The Saranthopolous family had been Finders for generations. We were good – we were the best. Rubies in our soul, people joked…they say my father was revered as a demi-god by the backwoods people. He died young, and when he went, all the villages were in mourning, silent from dawn to dusk.

My uncle took over the leadership of the family and put me on the next boat up the river. I've been up the Potamos at least five times, six now, but the first time was like – magic. Every turn had something new and alive. I think I fell in love with the swamp then, a little…" Ludo's voice trailed off and then returned to the narrative. "Working my way up and down the vast length of the Potamos, I picked up colourful versions of three languages – very learned for Muggy Bottom.

When I was ten, the soldiers came, and by the time I was nearly eleven ,there was a garrison an hour from his village and everyone knew the shameful politicking which had placed _Kurio_ Petanos in the position of puppet president for the Wizard's City government. The elderly man was a veteran of the first Occupation and loved by most of the country but once we got him in power, we realized exactly what they had: a tottering, shaky old man who believed in a way of life that no longer existed.

Resistance spread like wildfire and I left the flat-bottomed river boats and took up a new profession as message-runner. It was rough – Uncle still lived like a Finder prince in our house and my mother spent a little under a year in her cottage just out of town. Then the rumour went round she was a collaborationist and – well. They shaved her head in front of the communal oven and ran her out of town. I suppose she ran to the friendly soldier who'd liked her hospitality, and god knows what happened to her in the army camp.

My sister Eleni took off just after I turned 11. I knew she'd been playing the Royalist troop; it was a rare girl that wasn't. I remember it - one night she pulled me over into a copse of trees and told me she thought Uncle killed Father. They got this message: Father was just home from something and he'd been soaked through and had a touch of winter chill. That's dangerous down here, where it's so wet. And Uncle came around to the house and said they'd found a huge load and that Father had better come have a look as well. 'The colour of blood,' he said." Ludo's voice softened, dropping into a register almost dreamy. "Rubies like pomegranates, worth half a jarl of gold each." He laughed faintly, reflectively. "There was no way any Saranthopolous was going to ignore that. So they went back out into the rain and then a week later, Uncle came back and said that Father was dead at his house."

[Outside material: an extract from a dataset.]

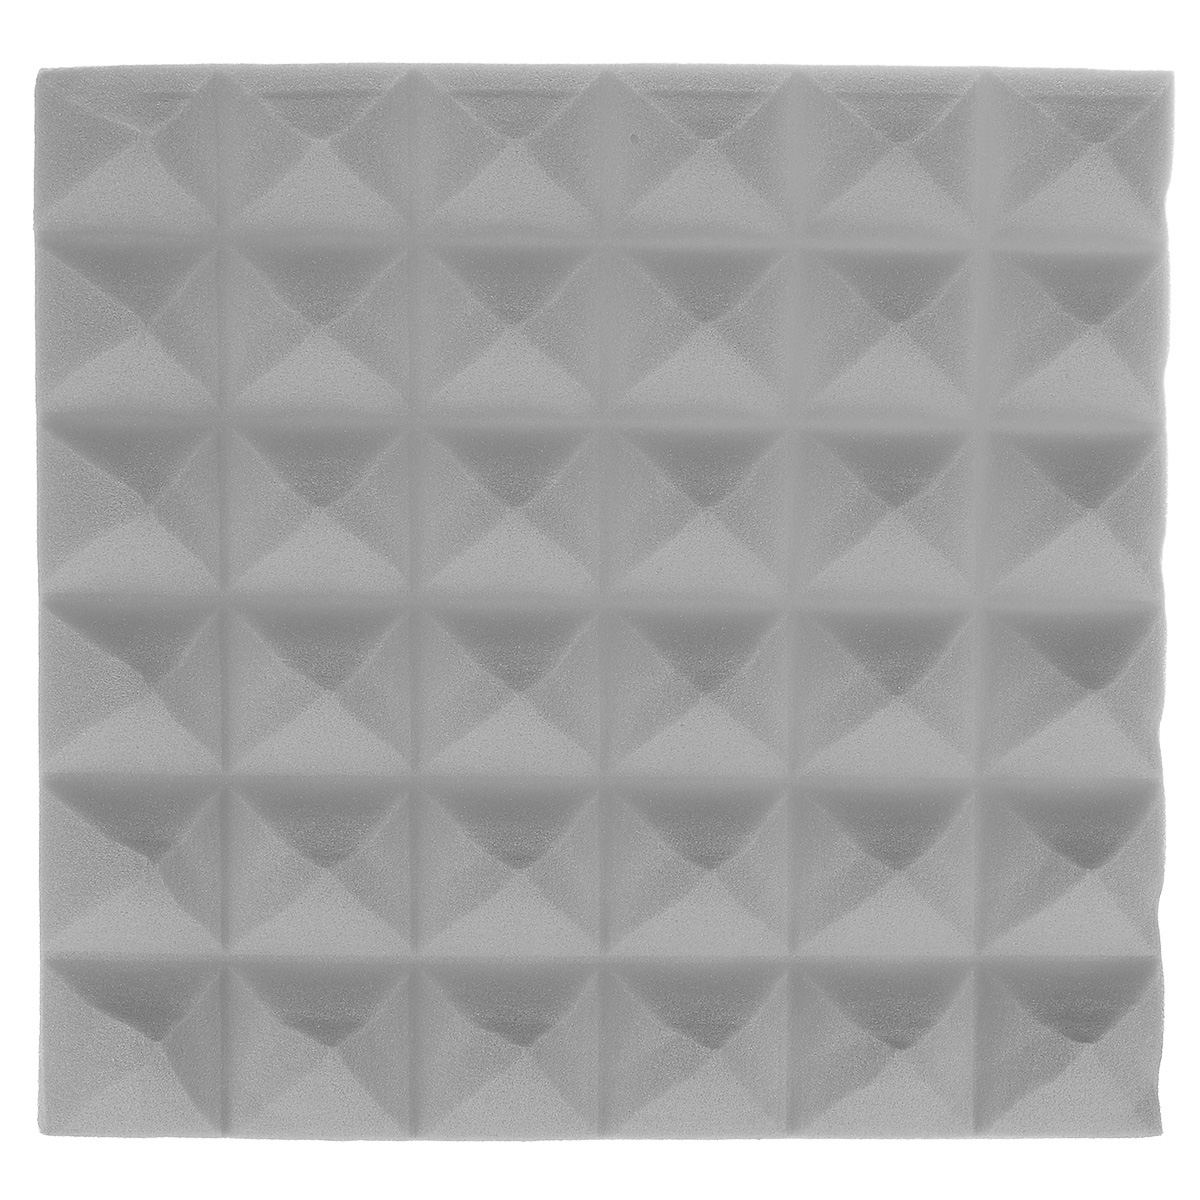 6Pcs-Acoustic-Panels-Tiles-Studio-Soundproofing-Insulation-Closed-Cell-Foam-1761605-8

It's certainly no proof and at that point Eleni asked if I'd ever heard of the Folly. _Everyone_ in the village had heard at least eighteen versions of Vass Saranthopolous' Folly. He bought it for his wife's sister, then murdered the wife and eventually the sister and then killed himself, all for this necklace. Twenty gold jarls, I think. Five pounds of silver fittings and pomegranate rubies with facets like a night in August, I think is how Mala at the gaming house puts it. I never," he added irrelevantly, "understood what facets like a night in August looked like. I think I told her that."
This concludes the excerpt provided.